Number Of Ingredients 17

FILLING:
3 cups raspberries (3/4 pound)
1/4 cup plus 2 tablespoons granulated sugar
4 teaspoons cornstarch dissolved in 4 teaspoons of water
CUPCAKES:
1 cup cake flour
1/2 cup confectioners' sugar
10 large egg whites (1 1/4 cups), at room temperature
1/2 teaspoon salt
1 plump vanilla bean, split, seeds scraped
1 teaspoon cream of tartar
3/4 cup granulated sugar
GLAZE:
1 1/2 cups confectioners' sugar
1 1/2 tablespoons butter, melted
1 1/2 tablespoons water
Pinch of salt

Steps:

  • MAKE THE FILLING: In a medium saucepan, combine 2 1/2 cups of the raspberries with the granulated sugar and cook over moderately high heat, crushing the berries, until very soft and broken down, about 5 minutes. Strain the raspberry puree into a small bowl and discard the seeds. Return the puree to the saucepan. Add the remaining 1/2 cup of raspberries and the dissolved cornstarch and bring to a boil. Cook, gently crushing the berries, until the filling is glossy and thickened, about 3 minutes. Let cool, then refrigerate until firm, about 1 hour. MEANWHILE, MAKE THE CUPCAKES: Preheat the oven to 325°. Set 18 foil muffin cups on a rimmed baking sheet. In a small bowl, combine the cake flour with the confectioners' sugar. In a large bowl, combine the egg whites with the salt, vanilla seeds and cream of tartar and beat until soft peaks form. Gradually beat in the granulated sugar, 1 tablespoon at a time, until the whites are firm and glossy. Sift the flour mixture over the egg whites in 2 additions, folding gently until incorporated. Spoon the batter into the muffin cups. Bake for 13 to 15 minutes, shifting the pan from front to back, until the cupcakes are springy and golden. Transfer the cupcakes to a rack to cool. Using a wooden skewer, poke a 1/4-inch-wide hole in the top of each of the cupcakes.
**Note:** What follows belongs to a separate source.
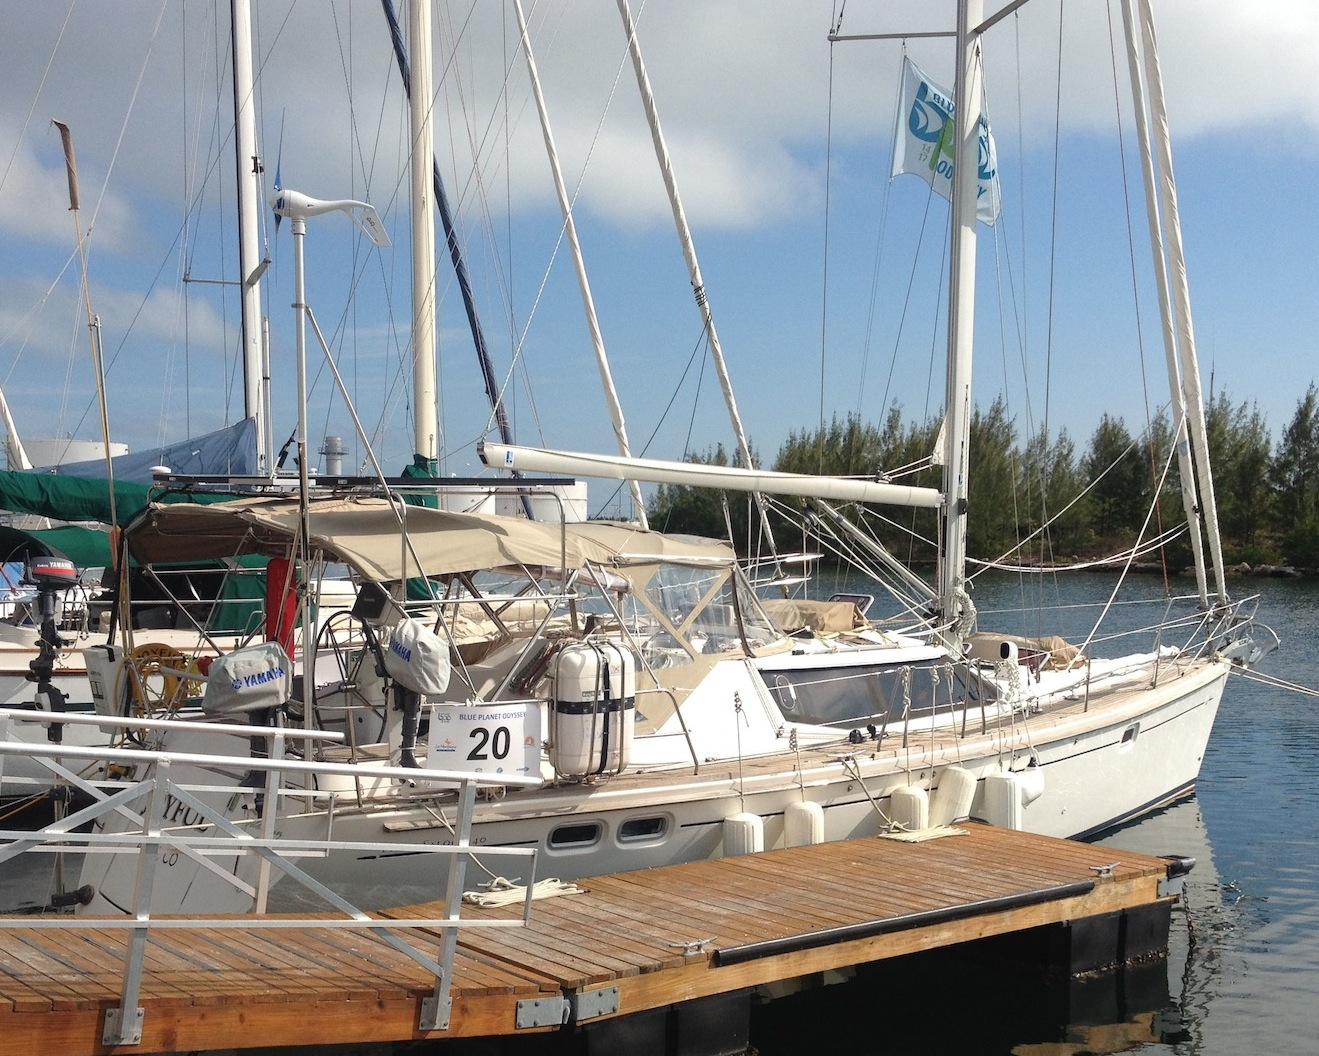 19. Joyful starboard side view at Key West.
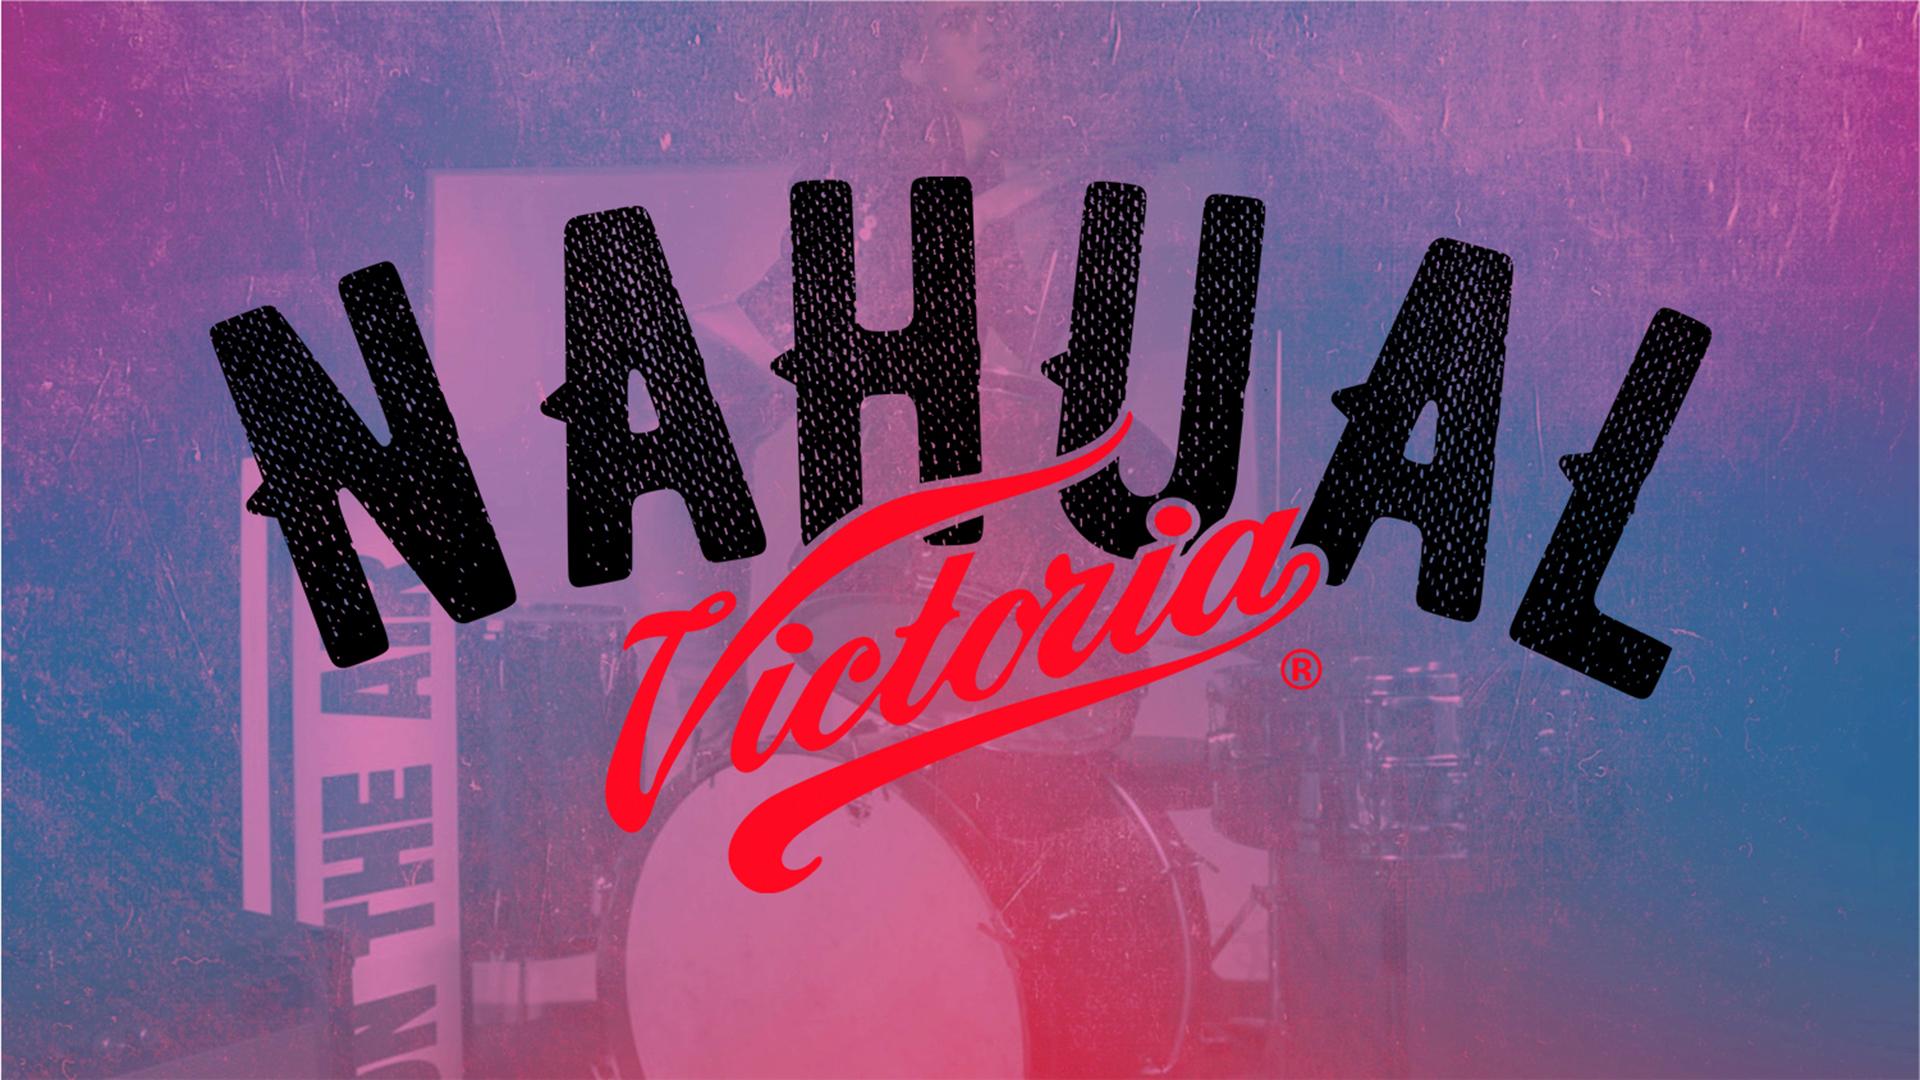 Nahual Victoria: un concurso para estudiantes de moda #FestivalDeFrente

Using a pastry bag fitted with a plain 1/4-inch tip, pipe about 1 tablespoon of the filling into each cupcake. MAKE THE GLAZE: In a small bowl, stir together all of the ingredients. Spoon a small bit of the glaze over the raspberry hole and let set, about 5 minutes. Drizzle and spread the remaining glaze over the cupcakes and let set, about 10 minutes. Transfer the cupcakes to a platter and serve.